##### RECORDED INFORMATION

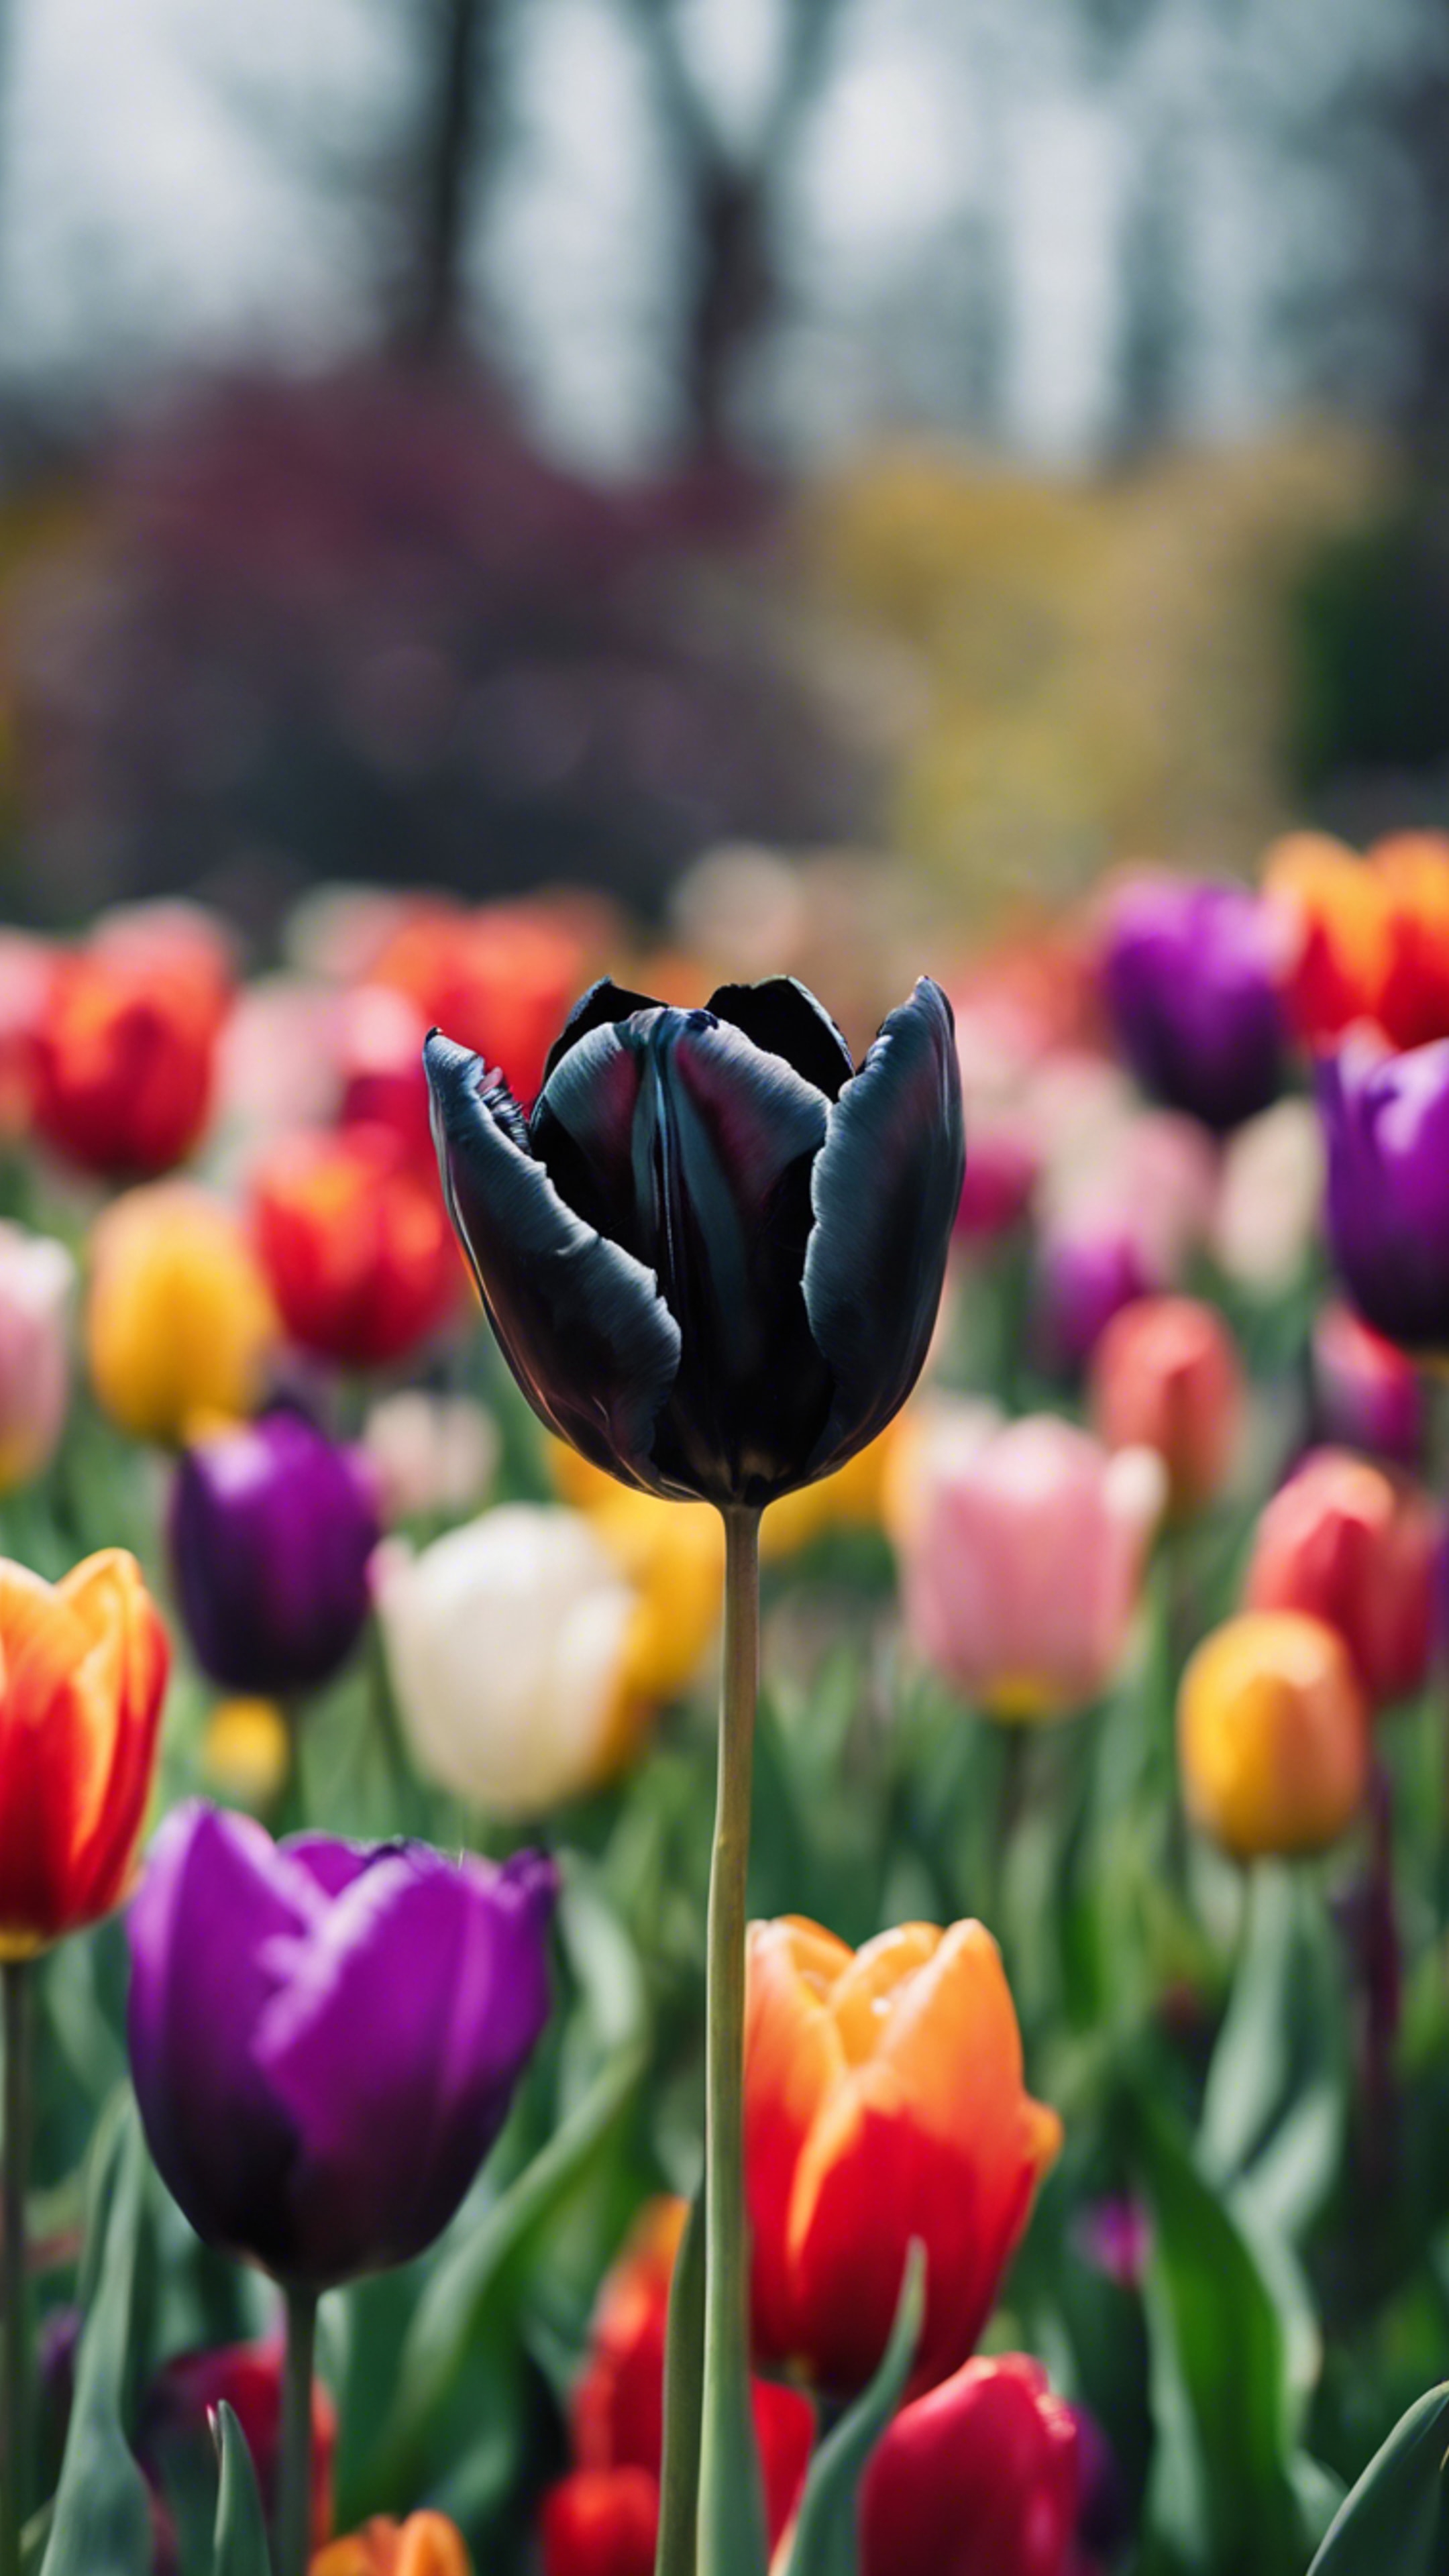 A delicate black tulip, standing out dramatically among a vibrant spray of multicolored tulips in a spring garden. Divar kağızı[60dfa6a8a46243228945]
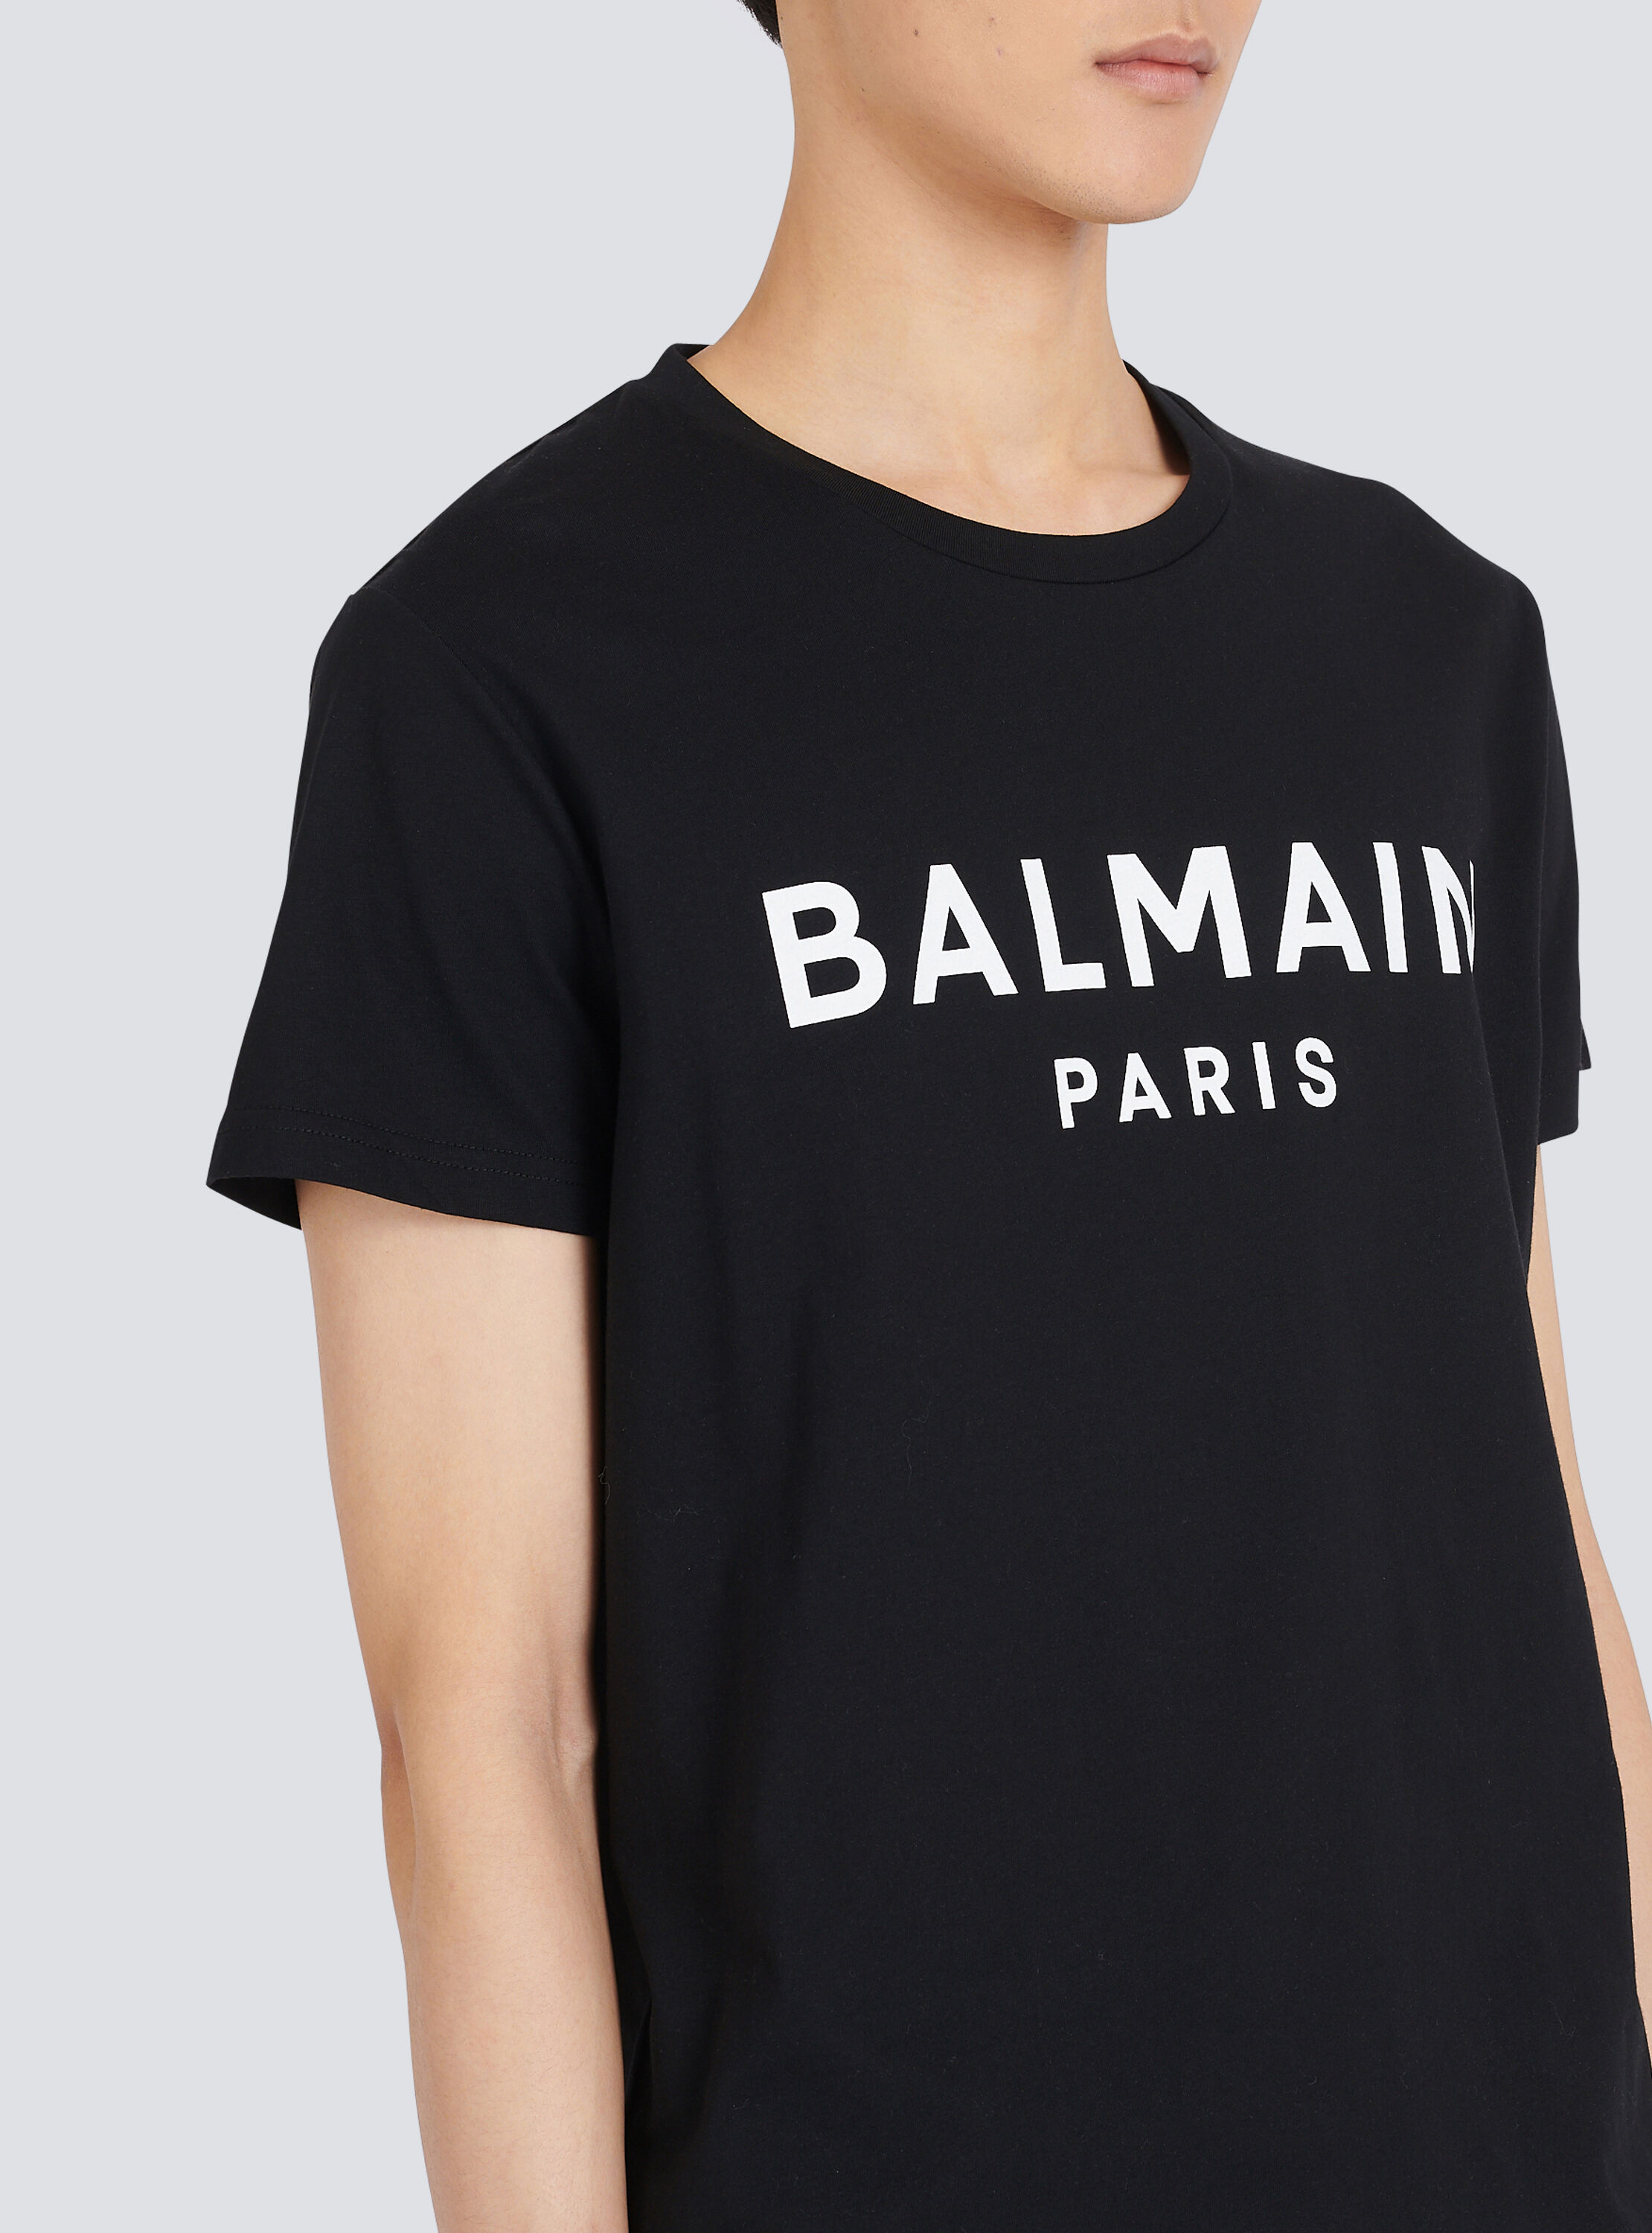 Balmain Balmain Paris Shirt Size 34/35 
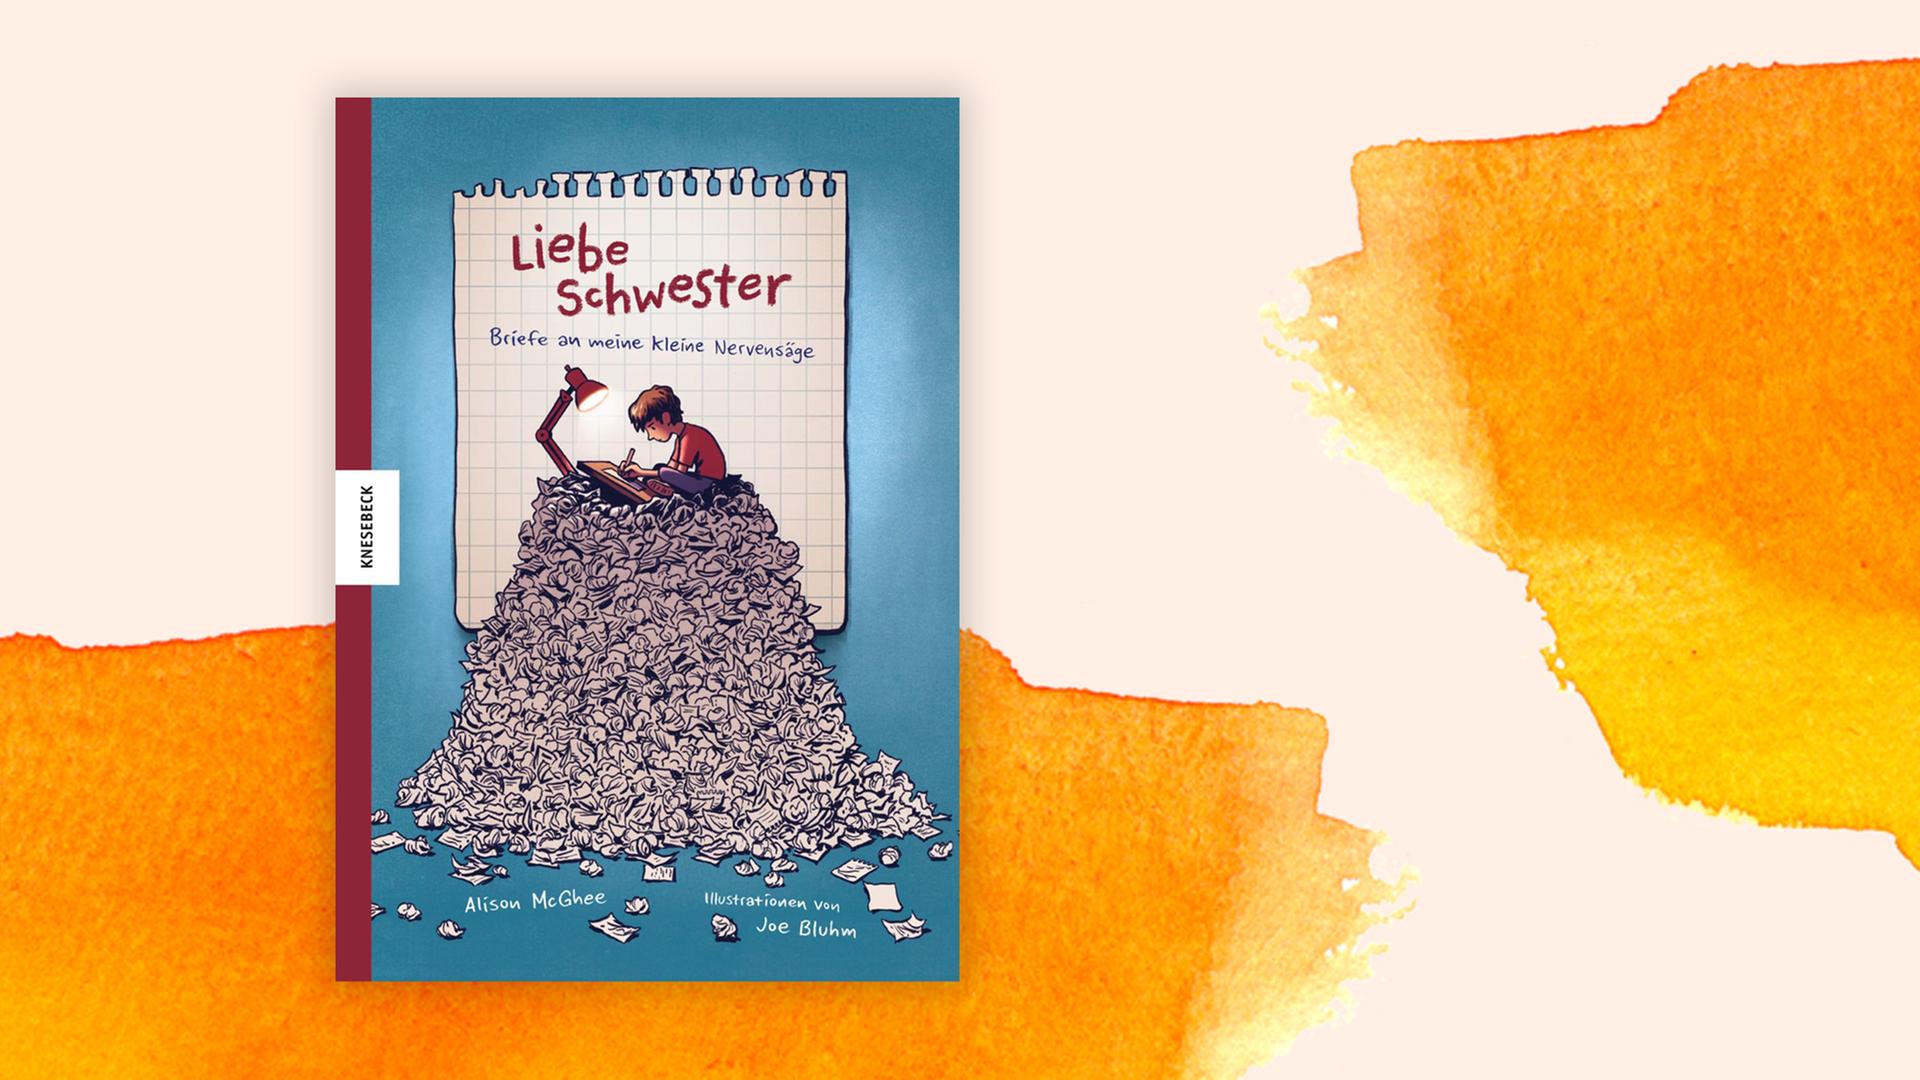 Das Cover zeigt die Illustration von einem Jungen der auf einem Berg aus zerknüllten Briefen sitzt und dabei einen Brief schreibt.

##########

> **TASK DIRECTIONS**
Retyping is limited to the line with "Balmain Balmain Paris Shirt Size 34/35" and the lines after it in the material above; give them exactly and leave out the pictures.

> **EXERCISE RESPONSE**
 Balmain Balmain Paris Shirt Size 34/35 
 Das Cover zeigt die Illustration von einem Jungen der auf einem Berg aus zerknüllten Briefen sitzt und dabei einen Brief schreibt.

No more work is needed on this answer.